Wikimedia Language engineering/Pune LanguageSummit November 2013/Event Notes
- 1 Open Source Language Summit - November 2013
- 1.1 Day 1
- 1.1.1 Session: Input Methods on VisualEditor (includes jQuery.ime integration)
- 1.1.2 Session: Cross project coverage for basic language support components
- 1.1.3 Session Name: FUEL Sessions
- 1.1.4 Session Name: Keyboard layout Images for documentation of input methods
- 1.1.5 Session Name: Leveraging content translation platforms for Indic languages
- 1.1.6 Session Name: Updating Lohit2 fonts to conform with the new Open Type spec for Indic scripts
- 1.1.7 Session Name: Packaging fonts
- 1.1.8 Session: Identify and document the sources of free licensed bilingual dictionaries
- 1.1.9 Session: Q & A with Behdad Esfahbod: State of the Union: Harfbuzz - Font rendering for Chrome, Android
- 1.2 Day 2
- 1.2.1 Session Name: Indic Font Specification
- 1.2.2 Session Name: Autonym Font
- 1.2.3 Session Name: Content Translation UI prototype testing session
- 1.2.4 Session Name: Onscreen Keyboards
- 1.2.5 Session Name: FUEL Sessions - Demo: Translation Quality Assessment Matrix
- 1.2.6 Session Name: Rendering of fonts on mobile apps
- 1.2.7 Session Name: "Lohit-ising" Open type fonts
- 1.2.8 Session Name: ibus-typing-booster - predictive text typing system
- 1.2.9 Session Name: Fedora SIG - UI Source Message Contextualization
- 1.1 Day 1
Open Source Language Summit - November 2013
- Schedule: http://open-source-language-summit-2013.shdlr.com/grid
- Twitter: Hashtag #languagesummitpune
- IRC: #mediawiki-i18n on FreeNode
Session: Input Methods on VisualEditor (includes jQuery.ime integration)
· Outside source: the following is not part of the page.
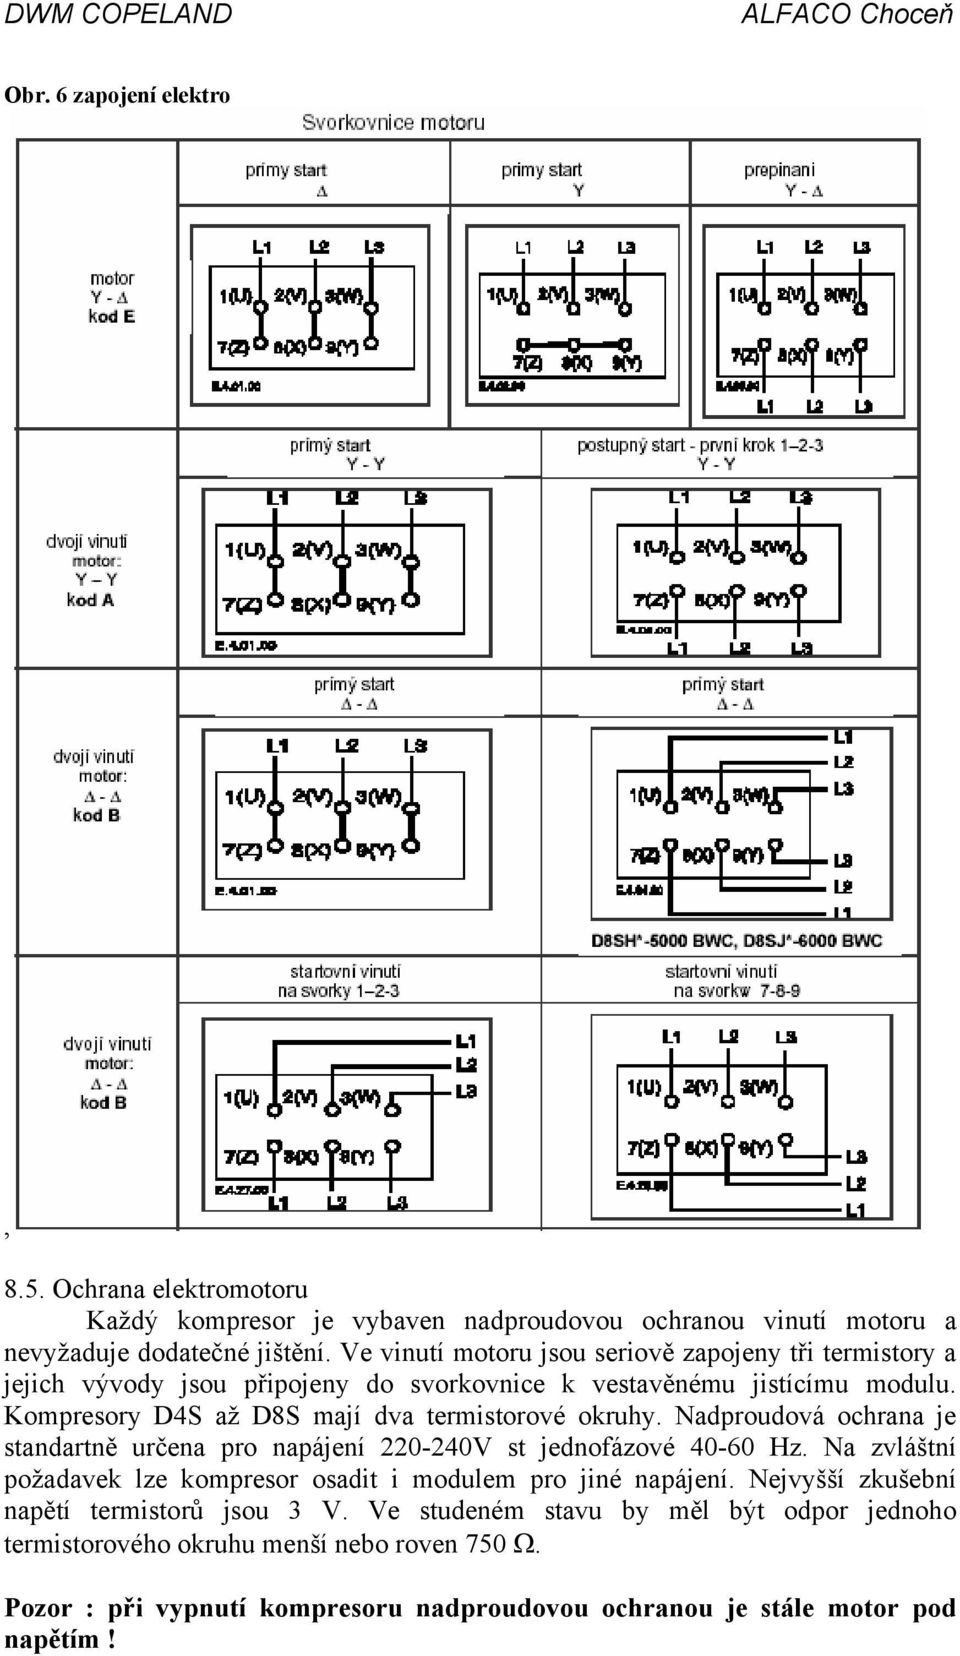 Kompresory D4S až D8S mají dva termistorové okruhy. Nadproudová ochrana je standartně určena pro napájení 220-240V st jednofázové 40-60 Hz.

- David Chan leading; sets off introductions from everyone round-table
- Santhosh introduced jQuery.IME and explained what it is for, why it was built
- David outlined how bug-filing helps - the importance of very specific version numbers, exact keystrokes to fire the IME, and expected and observed behaviours, and the problems facing comprehensive IME support
- David demonstrated the EventLogger system capturing IME input event streams, giving detailed run through of several IMEs and the events that they can create
- David showed the draft automated IME testing framework he has built for VisualEditor and explained his intention to build a library of as many languages, IMEs and OSes as possible to test them.
- Santhosh discussed how jQuery.IME can help simplify the needs in VisualEditor because it doesn't operate in a different way in each script/browser/OS
- Santhosh demonstrated problems like multiple different conflicting numbers (e.g. cursor positions vs. key strokes vs. Unicode code points vs. backspace positions)
- Santhosh returned to the reasons why IME difficulties are an issue for VisualEditor, due to the need to do non-native programmatic management of the contentEditable surface to support generated content blocks like images or templates
- Pau asked about the relative value of on-screen keyboards, predictive type, spell-checking, hand-writing recognition etc.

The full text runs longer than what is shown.